Demarest and Mark Madsen, a principal with information management consultancy Third Nature Inc., periodically co-present a TDWI seminar in which each takes a pro/con position with respect to big data. The idea is that each starts with an extremist or over-determined position; by seminar's end, both arrive at a kind of pragmatic common ground.

One aspect of this common ground is the idea that an organization either survives or thrives on the basis of what it does --or it doesn't do -- with its data.

That's the test that Demarest proposes for big-data-as-a-problem. Not volume, variety, or velocity. If an organization treats its data as decisive in this context, for example, then it has a big data "problem." If it doesn't, then big data isn't a "problem" for it.

That's the test. The 3 Vs don't factor into it. Neither do any number of Vs, for that matter.

Demarest suggests a pair of contrasting cases: if a company treats its data as an asset which might confer competitive advantage, but which isn't integral or necessary to compete, it doesn't have a big data problem. The tools, practices, policies, and methods it uses to manage its data assets will likely continue to serve it in good stead, he says.

This case also helps shed some light on the inadequacy of the 3 Vs: an organization that falls into this category could be -- and probably is -- dealing with growing volumes, varieties, and velocities; because of the way it uses its data, however, it doesn't have a big data problem.

If, on the other hand, a company treats its data like an essential competitive asset -- as something without which it either cannot compete or cannot exist -- it has a big data problem, Demarest argues. Its big data problem has little to do with increasing volumes, varieties, and velocities: it's (rather) a function of what this organization wants to do with its data.

Volume, variety, and velocity might make problematic what an enterprise wants to do, but these three are only a few of the problem variables. Here, again, the 3 Vs are insufficient.

Third Nature's Madsen, for his part, says he mostly agrees with this formulation, at least as a litmus test for big data problems. He's less sanguine than is Demarest about the 3 Vs, however.

"The 3 Vs are attached to big data as if they contain explanatory power and [an] ability to tie a product to one or more 'values' of the esteemed product in question. I'd say this is partially true at best," he observes. Madsen's biggest beef with the 3 Vs is that they're usually adduced as Something New.

"I see the 3 Vs being used to explain change over time or a break from the past: there's more, it's faster, and it's different," he points out. "As [Gartner's] Laney [has] pointed out, he wrote that stuff a decade or so ago, and was simply writing about the burgeoning data in the data warehousing and business intelligence world."

Madsen uses the example of "expanding" or of "exploding" data volumes, which are usually advanced as Exhibit A in any discussion of big data and its 3 Vs. Trouble is, they've been consistently and predictably "expanding" (or "exploding," "skyrocketing," and so on) for years.

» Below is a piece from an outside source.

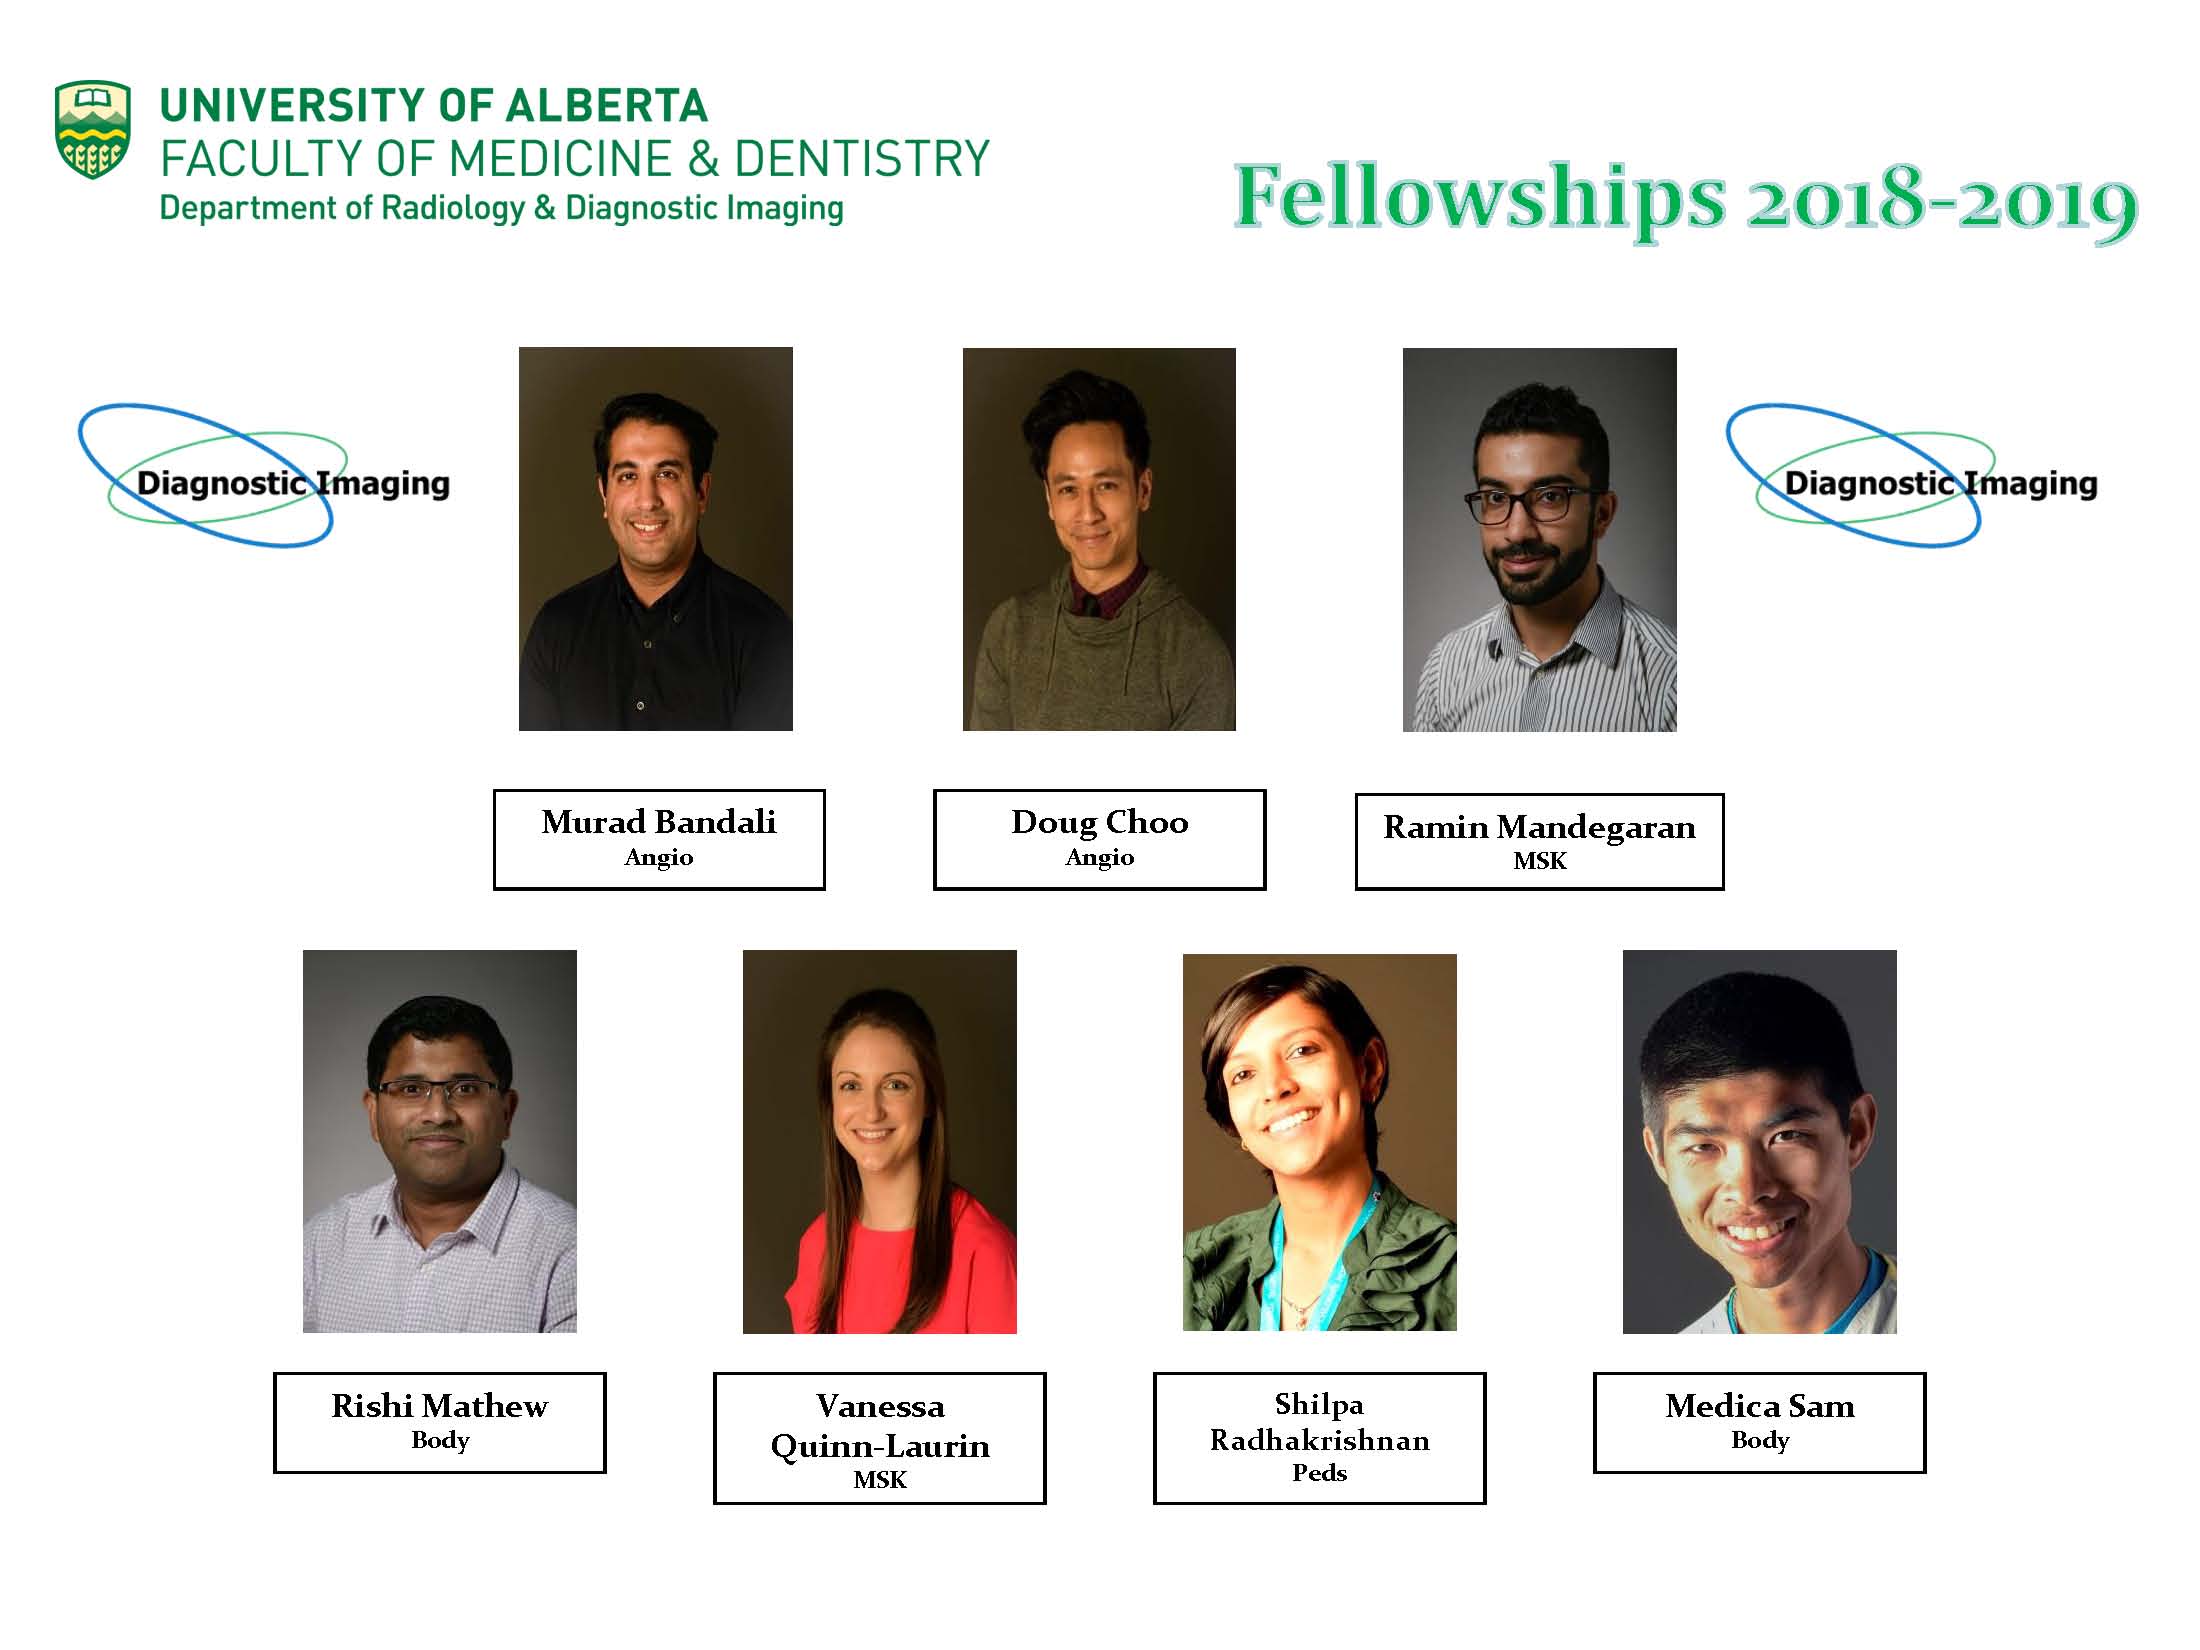 2018 Fellows

In the present case, he argues, data volumes are (if anything) expanding in a different context: that of the Web 2.0 or the collaborative/social world. To some extent, the response to this involves reprising or retrofitting practices -- i.e., technologies, concepts, and methods -- that were developed to manage traditional (relational, hierarchical, semi-structured) data sources.

That's why we're seeing the DBMS-ification of Hadoop, Madsen concludes, somewhat tongue in cheek. "[Hadoop is] re-evolving exactly like the DB industry: Schema? Check. Indexes? Check. Catalog? Check. Random lookup? Check. SQL-like interface? Check. And so it goes."